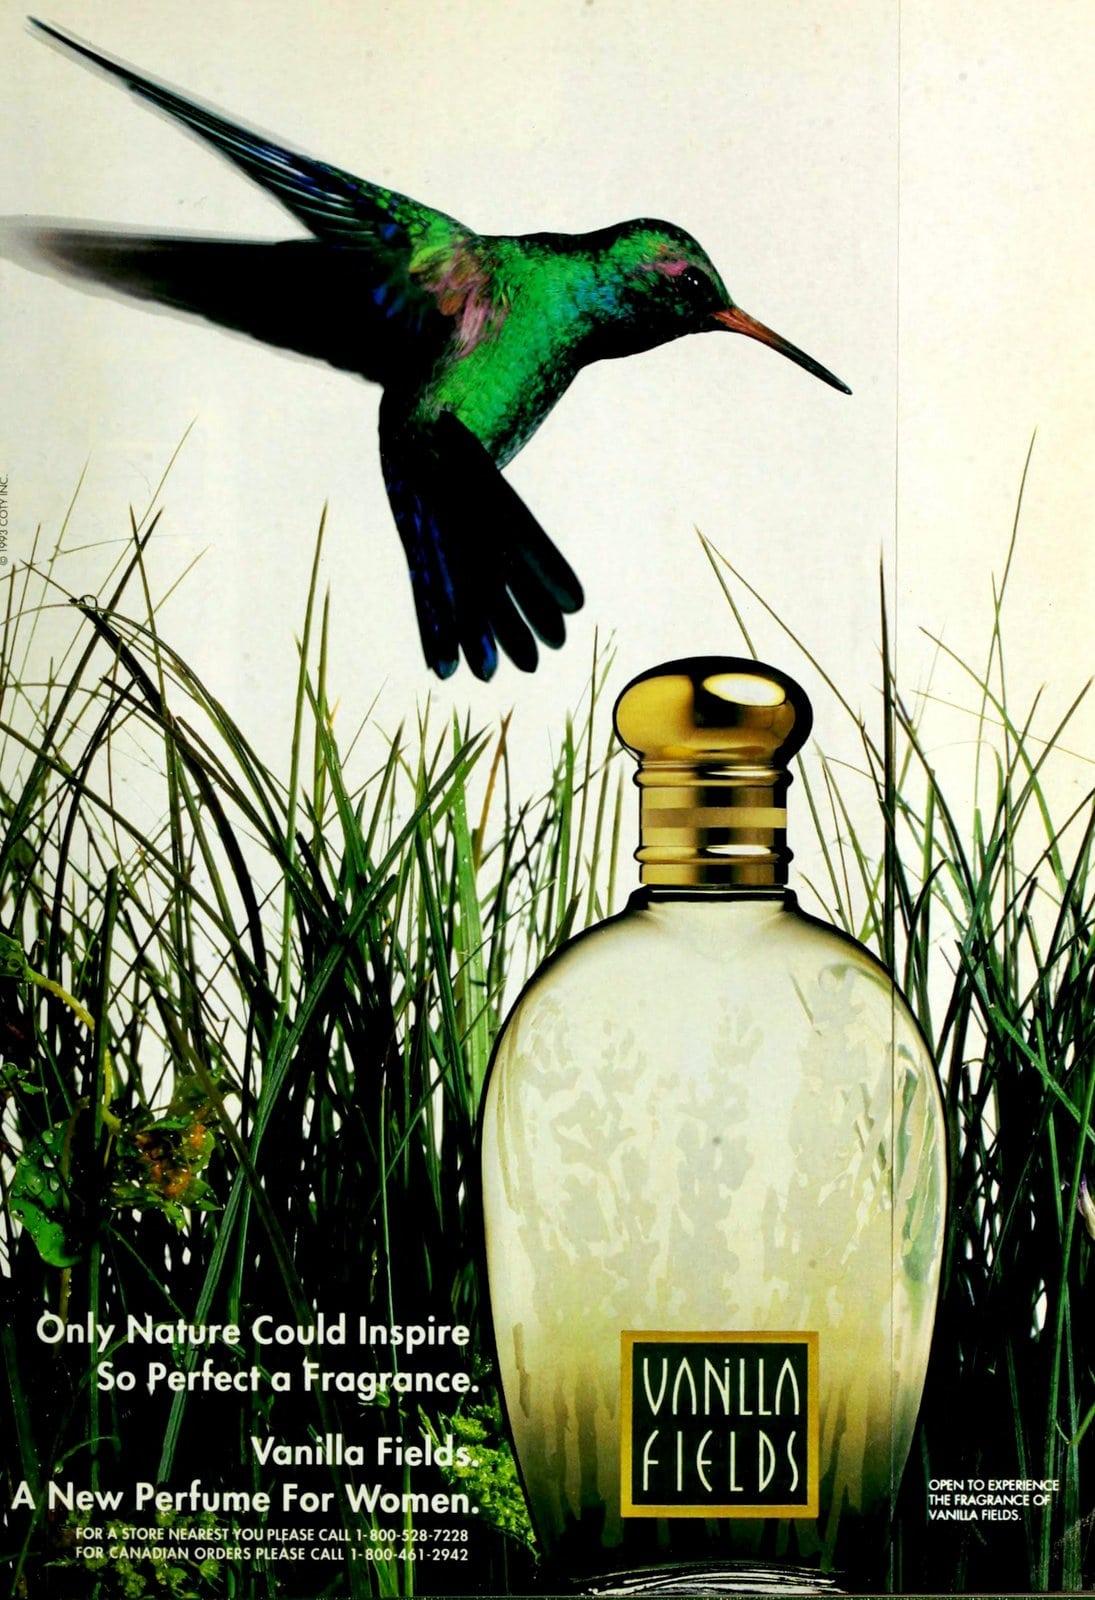 Vanilla Fields vintage fragrance (1993) at ClickAmericana.com
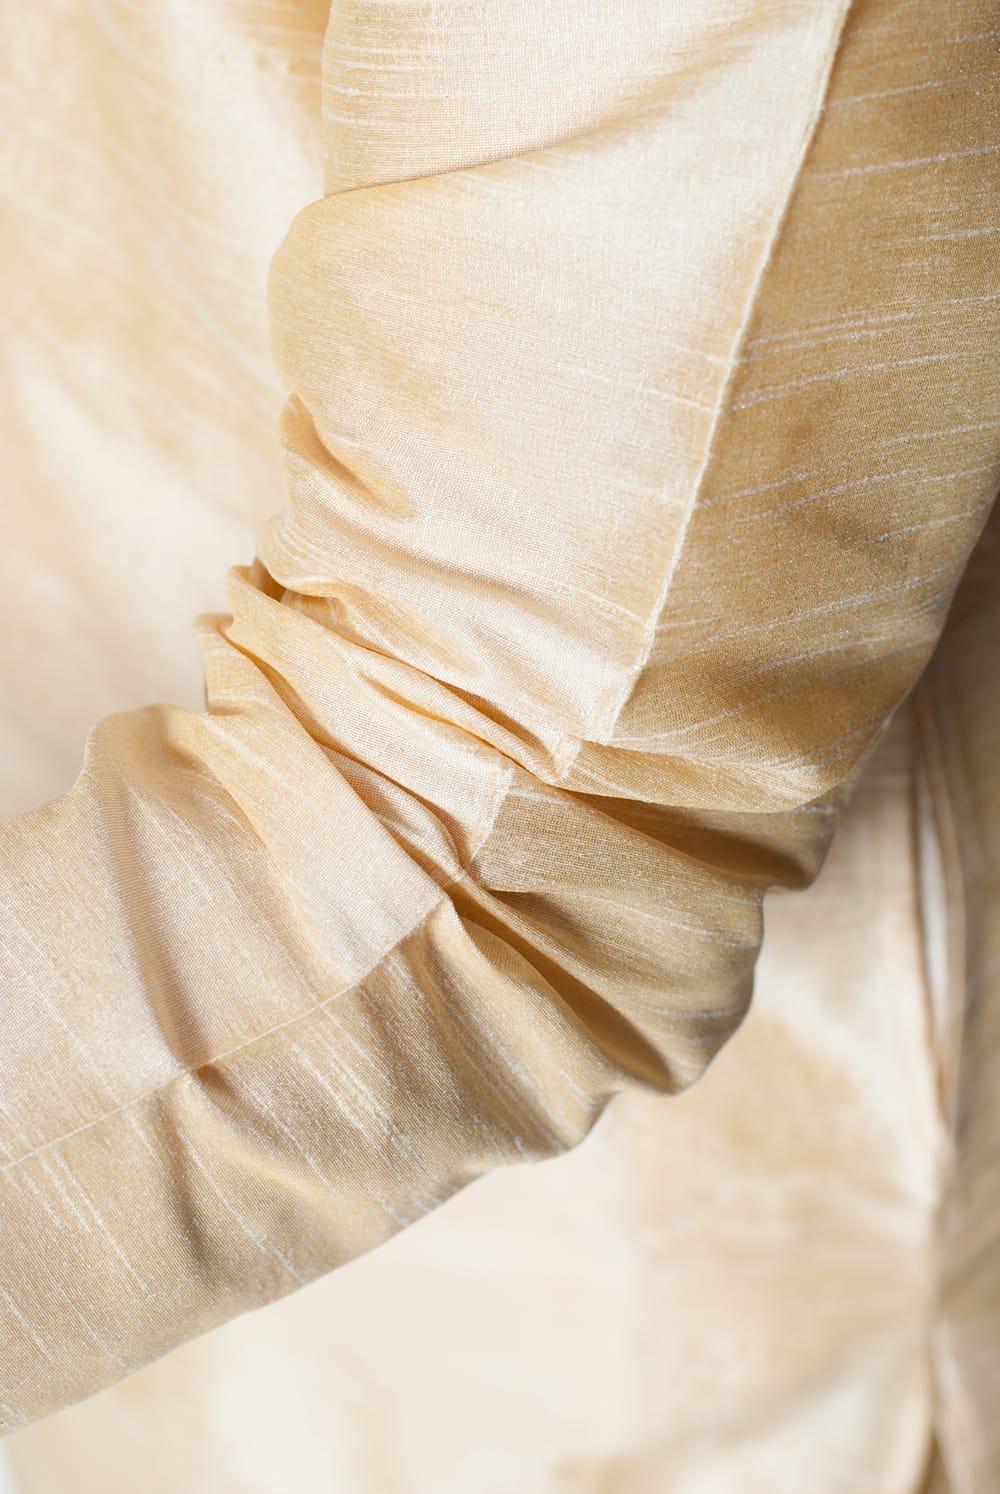 クルタ・パジャマ - ゴールデンホワイト【光沢生地ゴージャス】 6 - 生地感の様子になります。
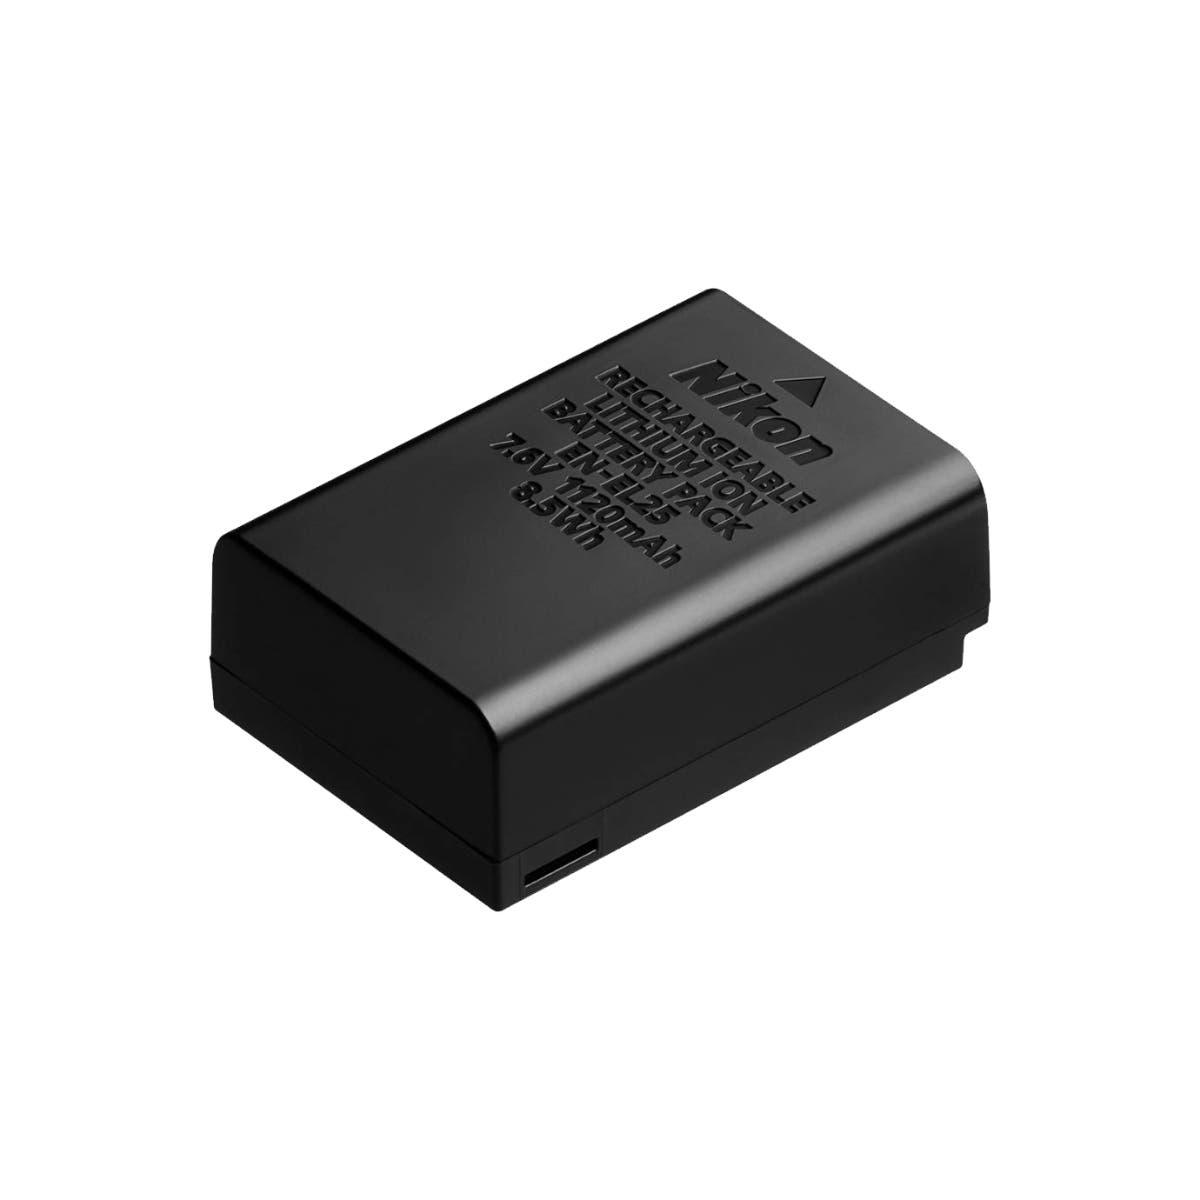 EN-EL25 Rechargeable Li-ion Battery

Exercise details: Please print everything in the material exactly, apart from the pictures.

Exercise result:
 Vanilla Fields vintage fragrance (1993) at ClickAmericana.com
 クルタ・パジャマ - ゴールデンホワイト【光沢生地ゴージャス】 6 - 生地感の様子になります。
 EN-EL25 Rechargeable Li-ion Battery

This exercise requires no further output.